Poor Lady Hornwood. She seemed like a genuinely nice woman and it surprises me that the rule of law in the North is so poor that something like this can even happen. I’m assuming it would not have been a problem had Robb been in Winterfell but the more I think of it, the less sure I get. Robb’s rule was fairly tenuous at the beginning and the only easy way to solve this clusterfuck pre-emptively would have been to get Lady Hornwood married off to someone in Robb’s circle of influence. The image of a kindly old lady being forced to eat her own fingers is one of those ‘gifts’  that never stops giving – the more you think about it, the more fucked up it becomes.

Perhaps when Lord Bolton hears his tale, he will abandon his claim, but meantime we have Manderly knights and Dreadfort men killing one another in Hornwood forests, and I lack the strength to stop them.
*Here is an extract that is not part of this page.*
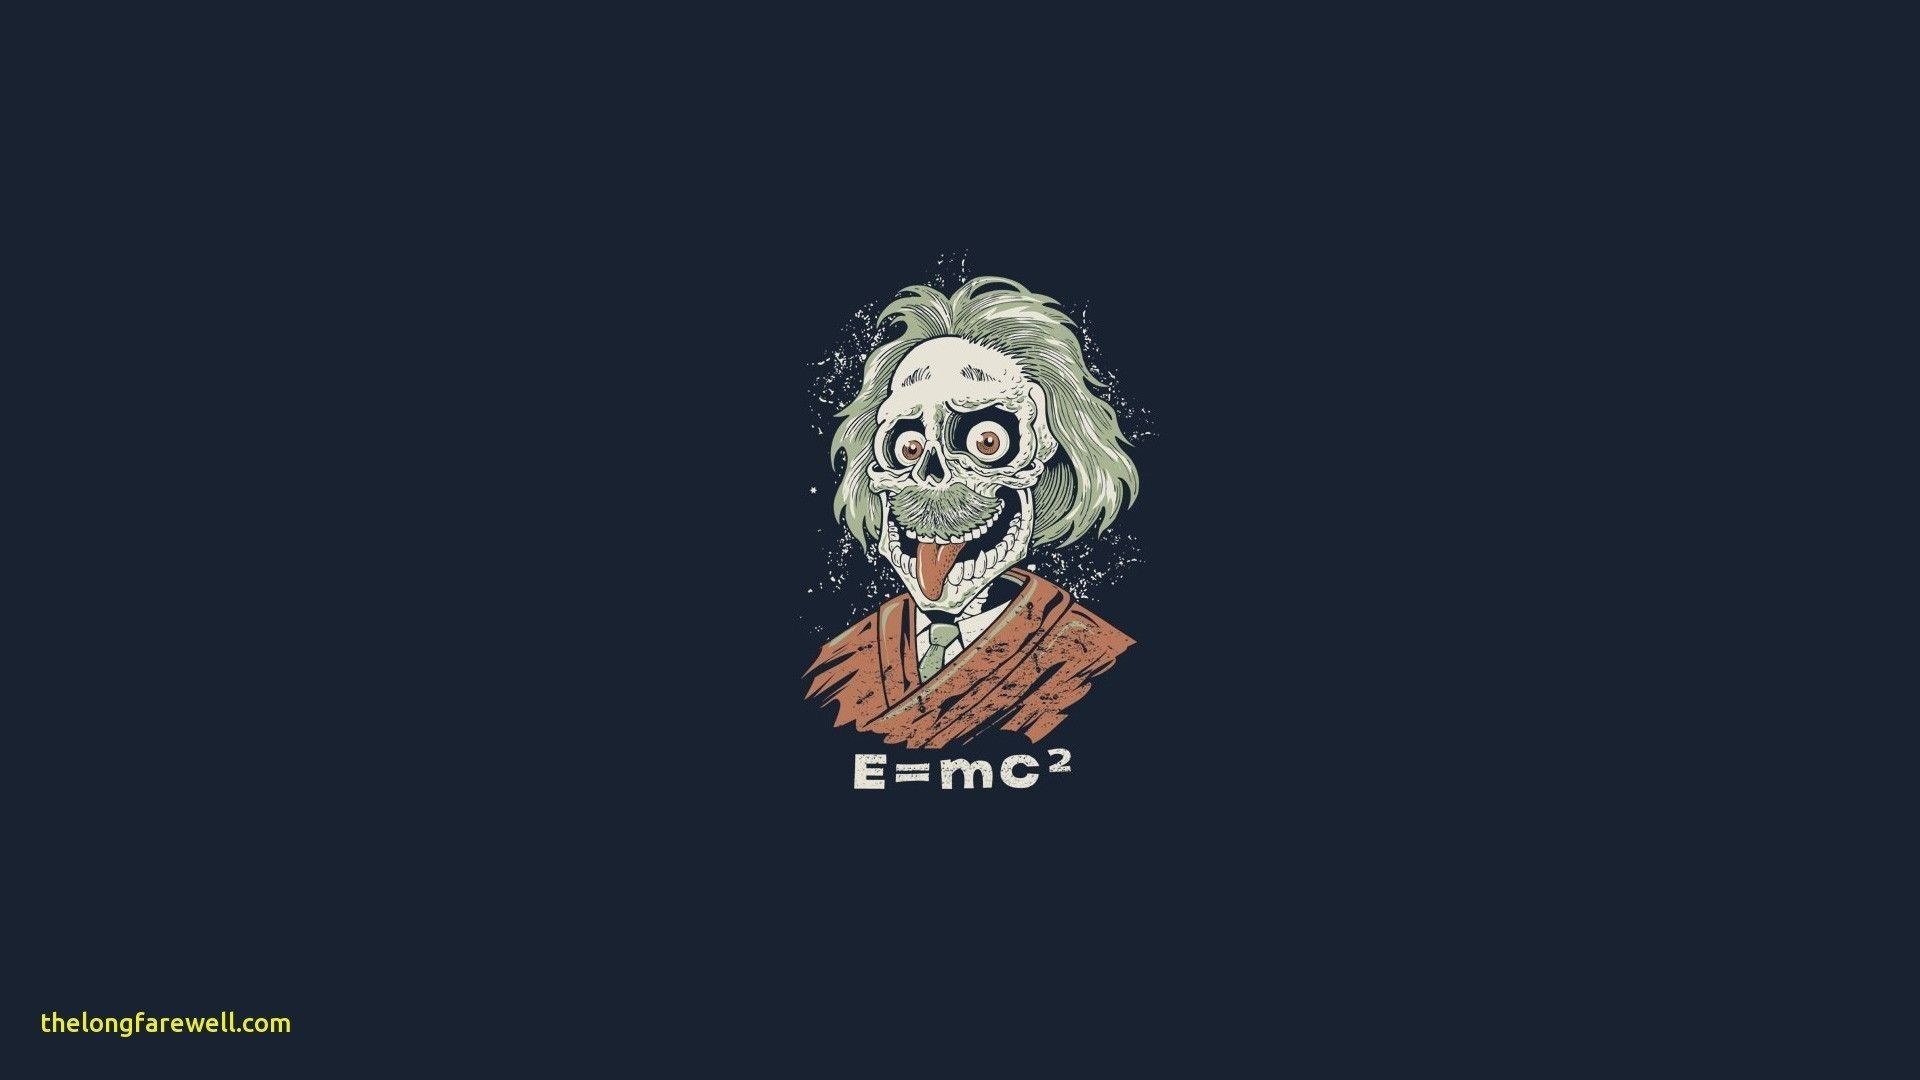 Dark wallpaper of the joker from batman with the equation e=mc squared - Funny

It’s funny the way things repeat themselves; it seems like the current (as of ADWD) conflict between the Boltons and the Manderlys had a very recent historical precedent. I guess I can see the Bolton angle on this – whoever the castellan of the Dreadfort is, must not have wanted good, ‘Bolton’ lands to be lost to the Manderlys. Meanwhile, I’m guessing that old Manderly wasn’t particularly happy about having lands that he wanted for himself being snatched from right under his nose and so decided to take the moral high ground and fight for the lands for the sake of ‘justice’. Now, maybe I’m being a little too uncharitable to both parties but one of them is a Bolton, so whatever, and the other, Wyman Manderly, isn’t quite as noble and chivalrous as I think he would have us believe. I have a theory but I’ll save it for when Manderly comes to the fore of the story.

 “Why would the gods send a warning if we can’t heed it and change what’s to come?”

I guess this pretty much summarizes everything I had to say about this chapter. It feels rather pointless to have a prophecy with a known, unchangeable outcome. Normally, the point of these predictions is to give the characters a future to avoid or strive towards but if the outcome is already set in stone then is there even a point in knowing it? It also brings up the question of who exactly is ‘sending’ these visions. It’s odd the Jojen’s dreams are so specifically targeted to impactful events in the world instead of just random glimpses of him walking or mundane everyday stuff happening. If the old gods are sending the dreams, they are sending them for a purpose and with an agenda.